Счастье

Лев Якубов



    О счастье Сисев догадывался давно. В детстве, бывало, кушал мороженое или арбуз  и находил в этом счастье. А привозили в село кинофильм, тут уж не только Сисев, - говорливые тетки, чумазые мужики-механизаторы – и те шалели от удовольствия и  дико кричали, если обрывалась лента. Так, для счастья Сисев выучился на киномеханика, этих фильмов пересмотрел – тьму! Даже сны начал видеть в экранном изображении, и часто в них действовали киногерои. Котовский в джазе с девками играл на контрабасе, миргородские помещики Иван Иванович и Иван Никифорович ни с того, ни с сего отказались от премии и поскандалили на парткоме с руководством. А бравый солдат Швейк соблазнял Снежную королеву…
    
         Но только теперь, когда с Сисевым приключилась любовь, он почуял счастье по –настоящему и помчался туда, где его, оказывается, помнят и ждут. И как он раньше этого не понимал! Ведь почти всякое кино про любовь: целуются, голые фигурируют, даже до бескультурья дошли...

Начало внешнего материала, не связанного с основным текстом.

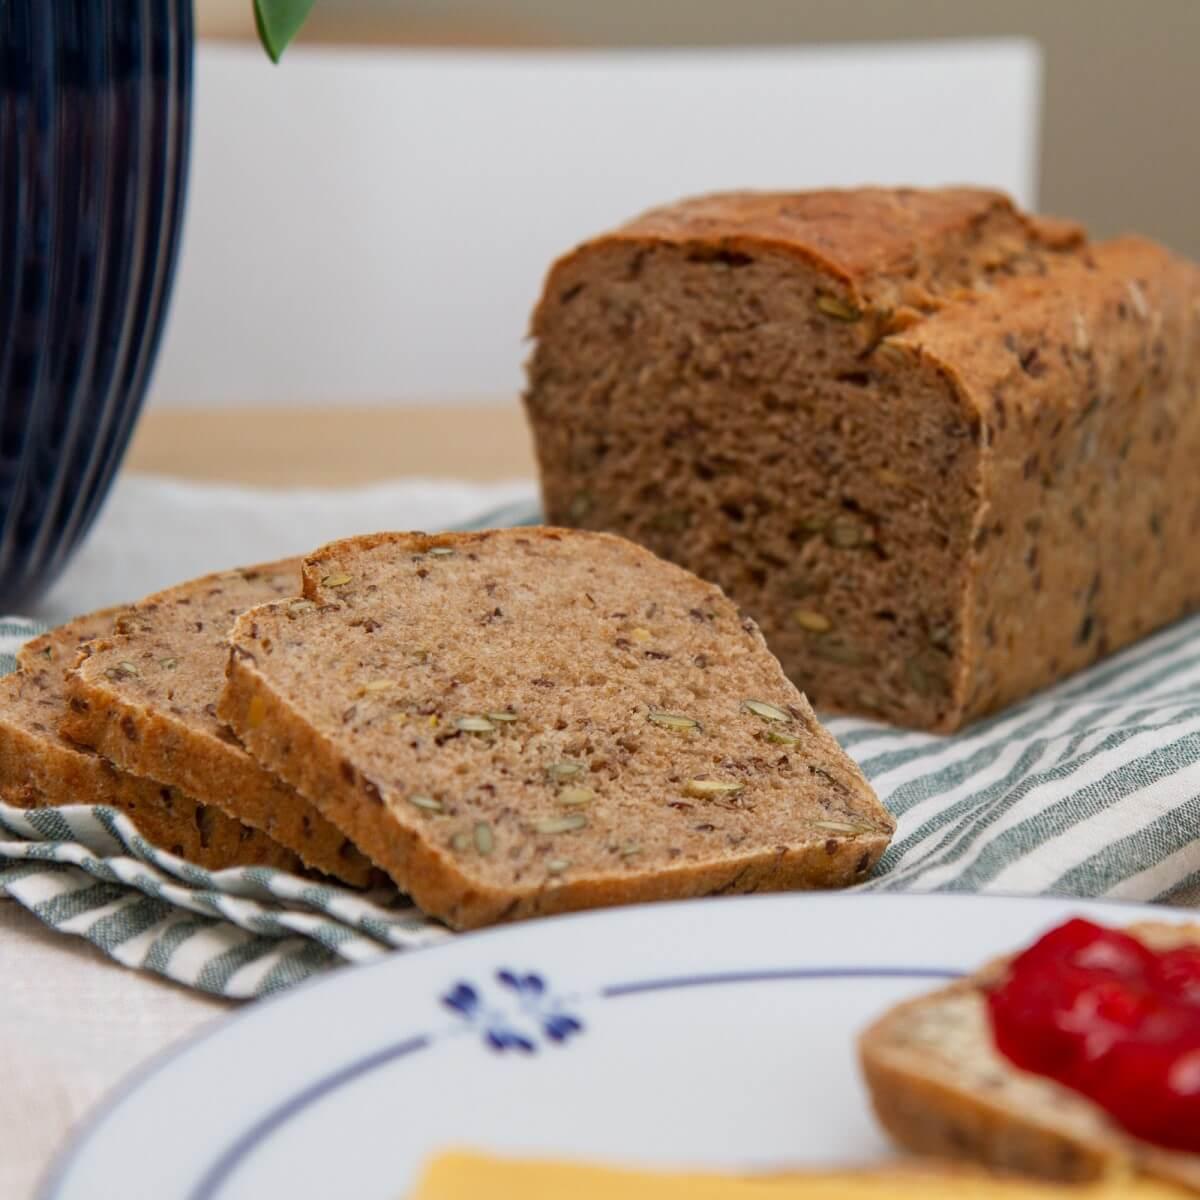 Grovbrød med rug og gresskarkjerner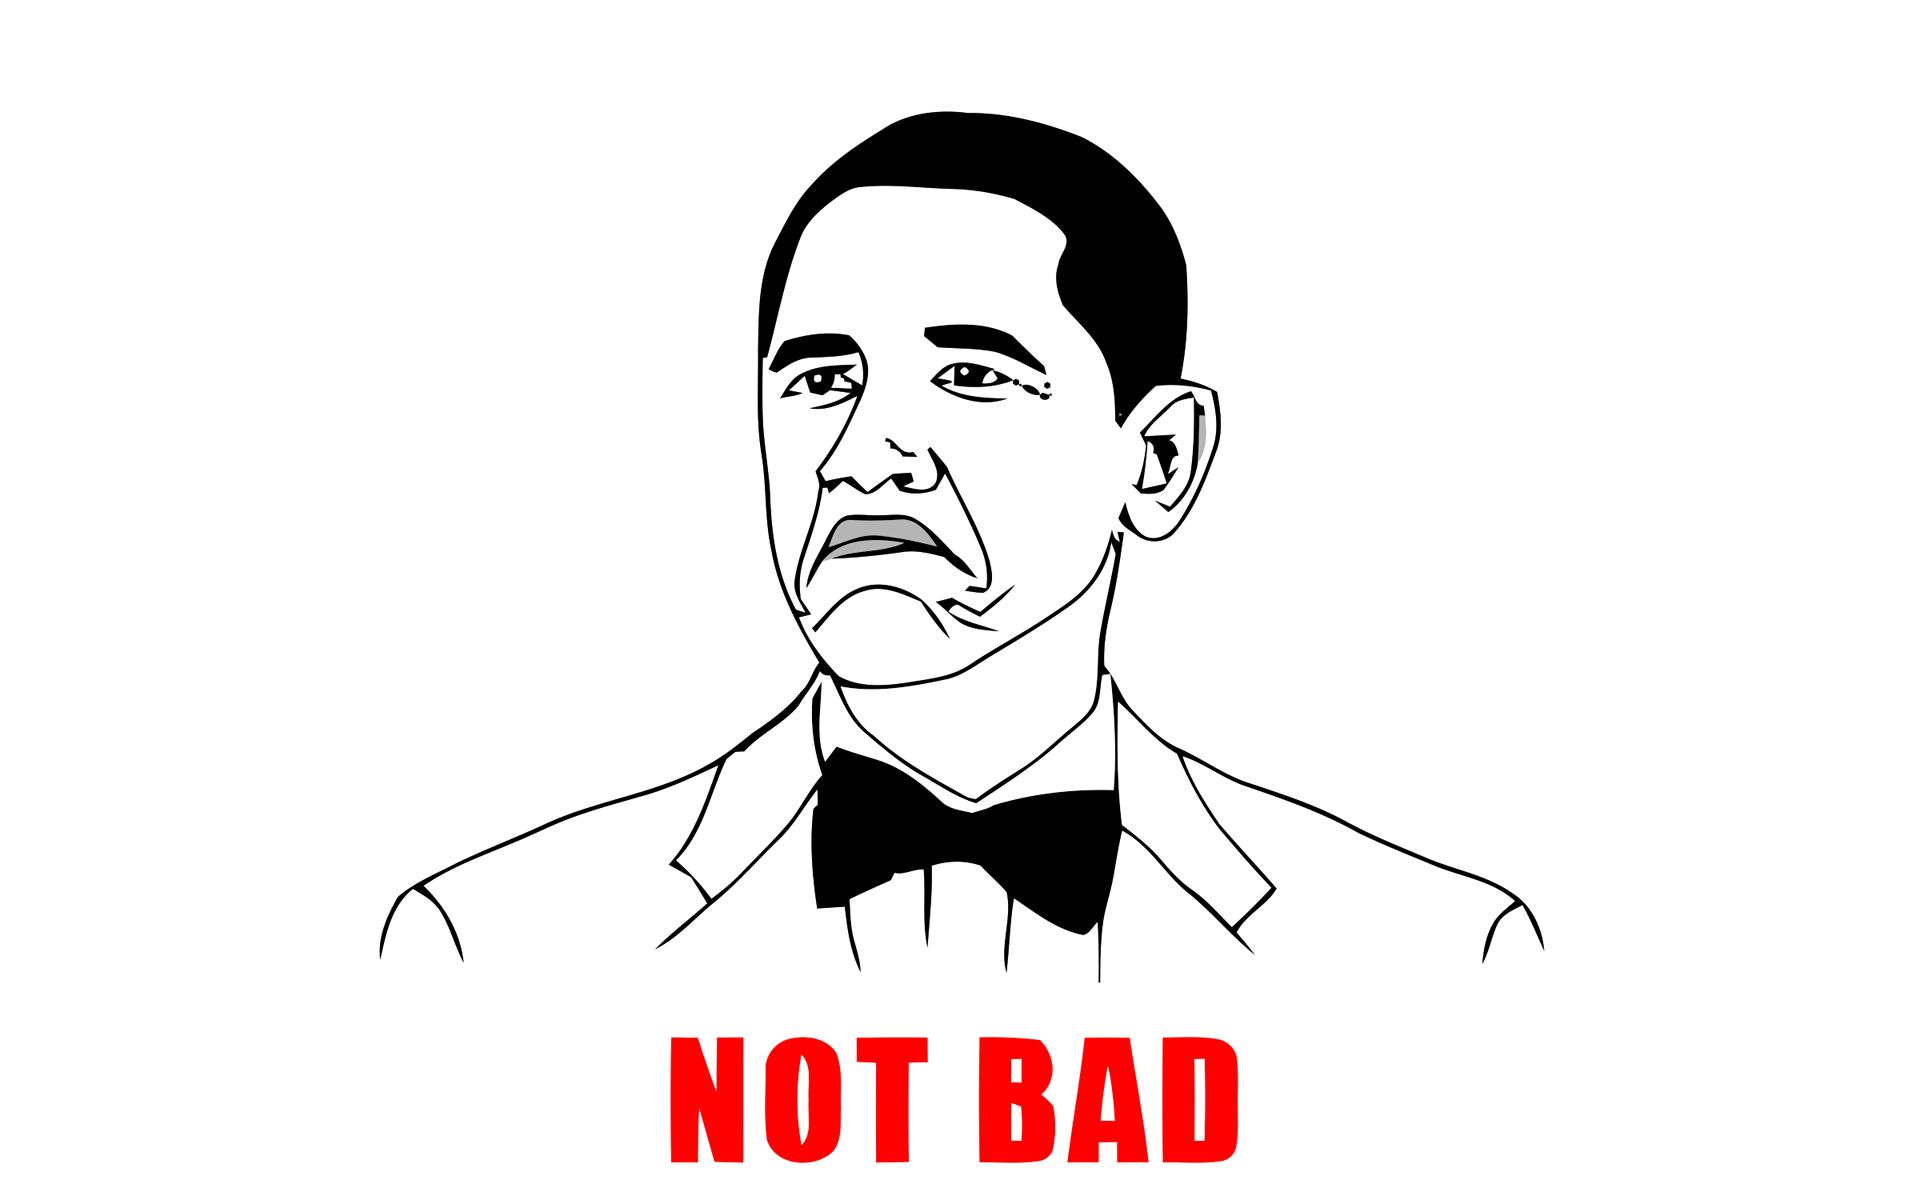 Obama 'Not Bad' meme

         До вечера нужно было убить два часа. Радио аэропорта вкрадчиво информировало, что рейсы задерживаются. Воздушные путешественники сердито жевали пищу, иные смотрели подвешенный к потолку телевизор. Показывали фильм про молодого Маркса. От кино у того, кто его крутит, бывает профессиональная болезнь вроде тошноты, но сейчас экран укреплял намерение Сисева жениться. Вот Маркс. Уж как занят был! Глобальные думы думал, а ведь тоже до женского пола горячо касался и деток имел немало. Сисев зажмурился, чтобы легче представить девушку, которая тужит и ждет его бог знает где! – в Уфе. Как это романтично! И встретилась она не где-нибудь а в Черном море. Девушка заметила, что рядом с ней плавает и настойчиво смотрит усатый малый и не возражала – только и всего, а он как-то сразу полюбил ее всю – от светло-желтых крашеных волос до лакированных малиновых ногтей на ногах. И какая она не простая!
       
        - Вы что, и на суше будете меня сопровождать?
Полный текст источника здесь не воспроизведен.